[[11]] See Official History, vol. ii. p. 303.
As Gatacre received no reply to the above message he assumed that his dispositions were approved. In furtherance of Lord Roberts's wishes he slightly strengthened the post at Dewetsdorp next day by sending there some mounted infantry of the Northumberland Fusiliers. These changes were also telegraphed to Headquarters.
Although such detachment duty naturally fell to the Third Division as line-of-communication troops, still it would seem that the Headquarters Staff, in calling upon Gatacre to furnish these remote garrisons, had overlooked the fact that his Division had never numbered more than four infantry battalions, and had not at any time ever possessed any cavalry.

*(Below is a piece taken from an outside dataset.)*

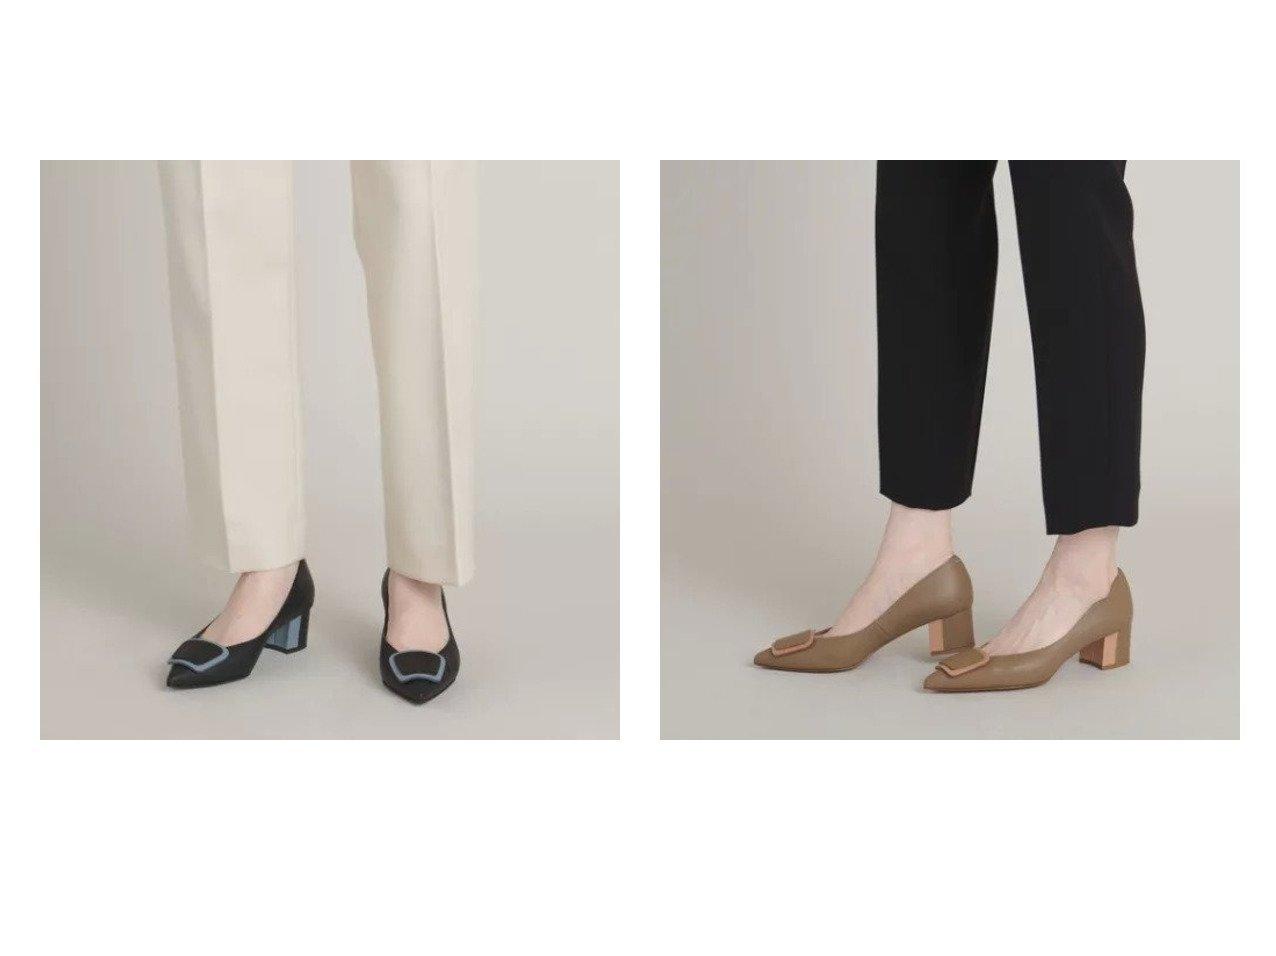 【Odette e Odile/オデット エ オディール】のレザーオーナメント パンプス45↓↑ 【シューズ・靴】おすすめ!人気、トレンド・レディースファッションの通販 おすすめで人気の流行・トレンド、ファッションの通販商品 インテリア・家具・メンズファッション・キッズファッション・レディースファッション・服の通販 founy(ファニー) https://founy.com/ ファッション Fashion レディースファッション WOMEN コンビ シューズ フェミニン |ID:crp329100000063749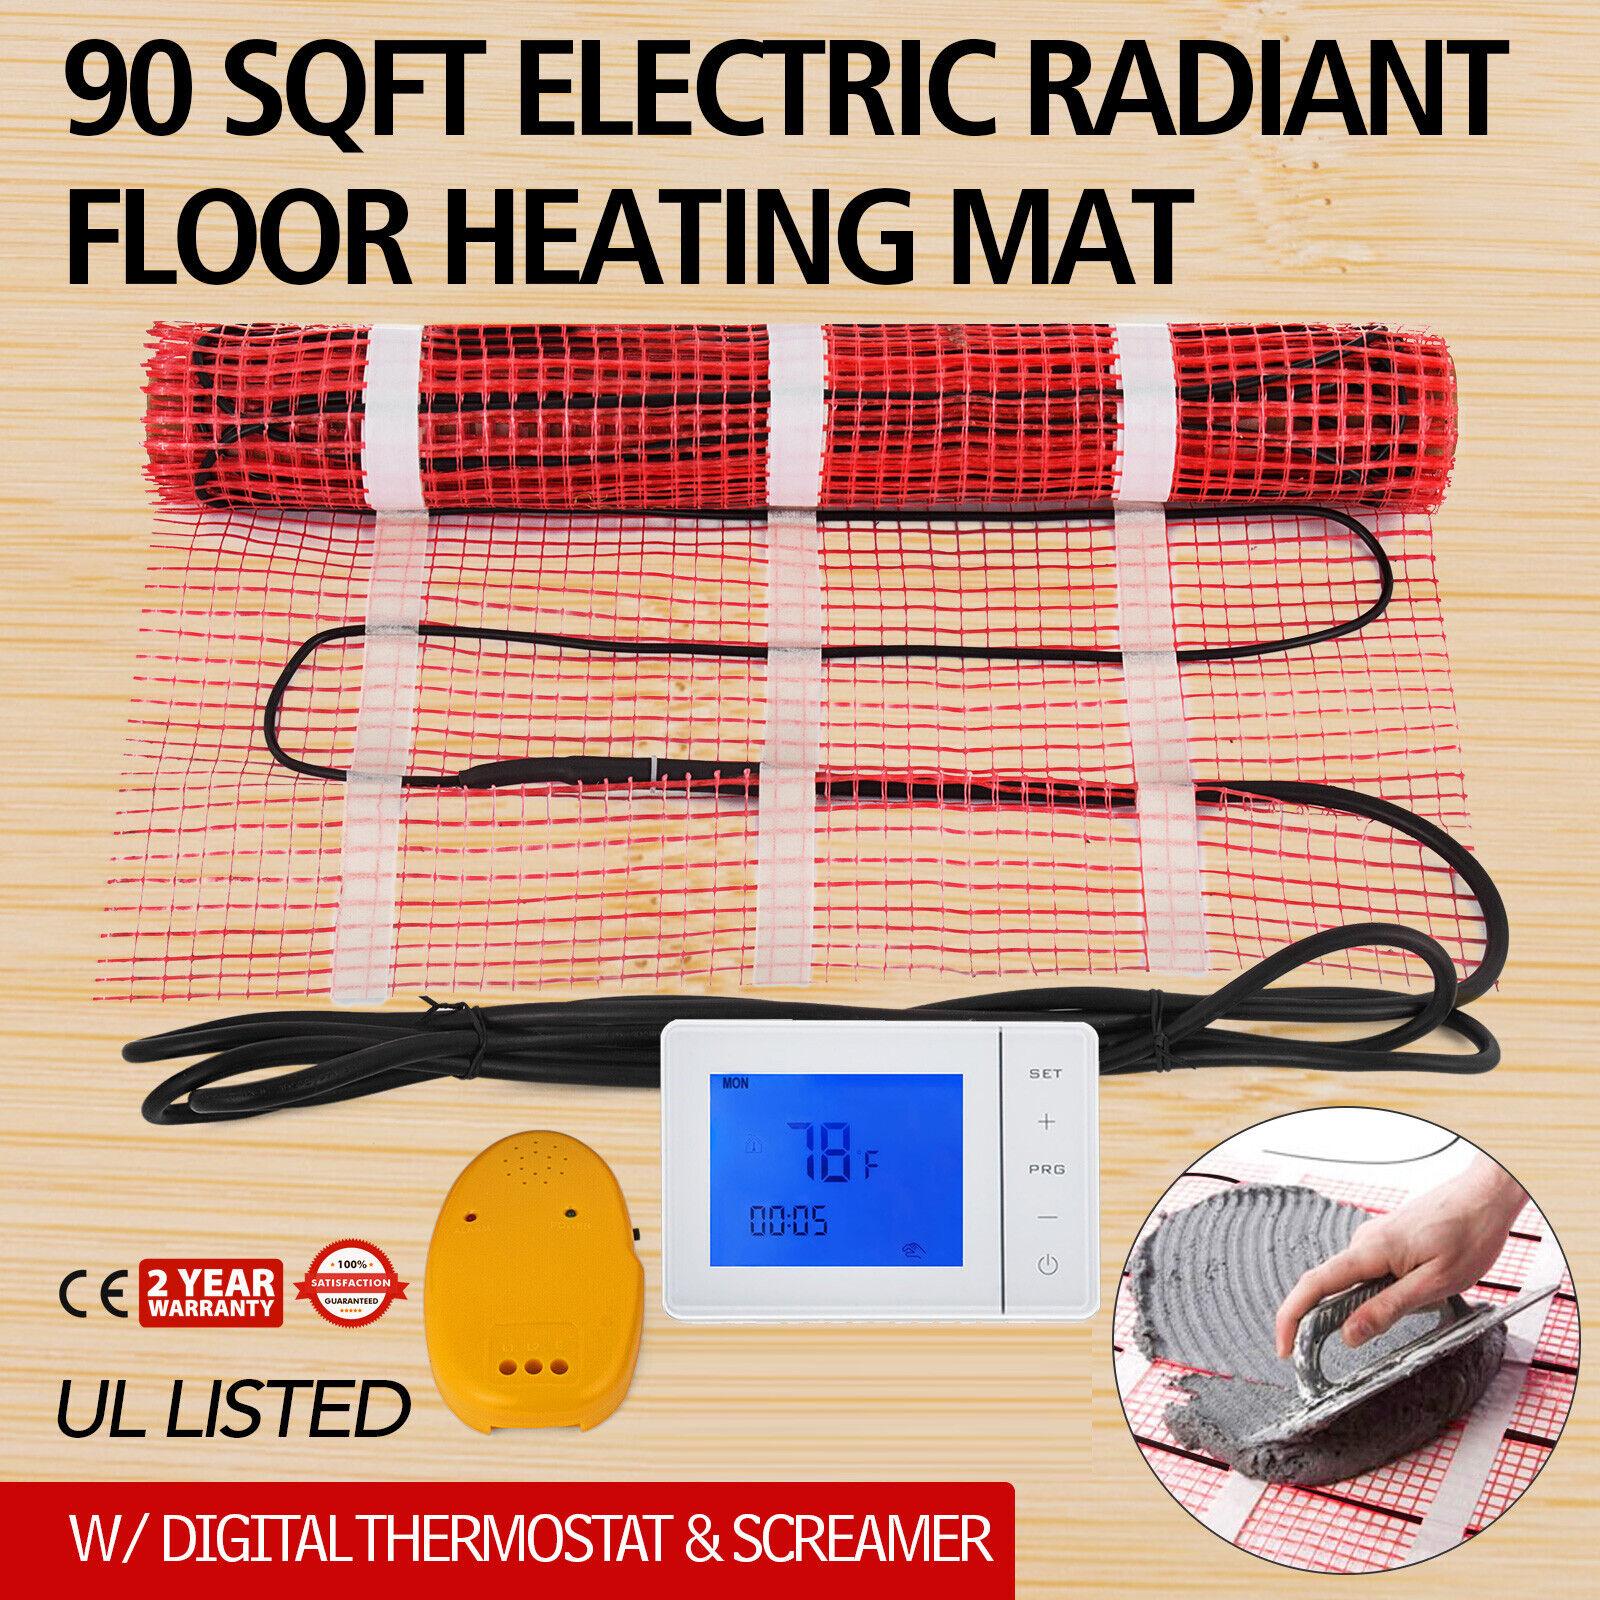 ELECTRIC RADIANT WARM  FLOOR TILE HEAT SYSTEM 60 Sqft 240V THERMOSTAT

By thus scattering the few men at Gatacre's disposal, the Commander-in-Chief reduced the numbers available for guarding the hundred miles of railway.
"The railway was necessarily the first care; if that was seriously broken, the army at Bloemfontein, if it did not actually starve, must be injuriously affected."[[12]]
[[12]] Ibid. vol. ii. p. 306
That this question of the adequate protection of the railway line became a week later a great anxiety to Lord Roberts we know from his urgent telegram of April 5, in which he tells Gatacre to satisfy himself that the guards are properly placed, sufficiently entrenched, and on the alert.
Great distances
There were at Headquarters in March 1900 three brigades of Cavalry, and three divisions of Infantry, with their complement of Horse and Field Artillery, which with other units made up a fighting force of 34,000 men. As has been said, Dewetsdorp and Wepener were both nearer to Bloemfontein than to Springfontein, the headquarters of the Third Division. From this place Gatacre had to arrange for the supplies for posts which were eighty and ninety miles away, and that this could not be done without difficulty we see in his letter to me, dated March 31, 1900:
"After reaching this we have been occupied in covering the whole country from Wepener to Philipolis, and all the country between them and the Orange River, with patrols and small parties, and it is such a business getting supplies to all these scattered detachments. We find we can make them somewhat self-supporting by making the farmers supply sheep, and they can get the farmers' wives to bake bread on payment. The roads generally speaking are good, not metalled, of course, but hard clay, which in dry weather are perfect to move upon; in wet weather they become slippery."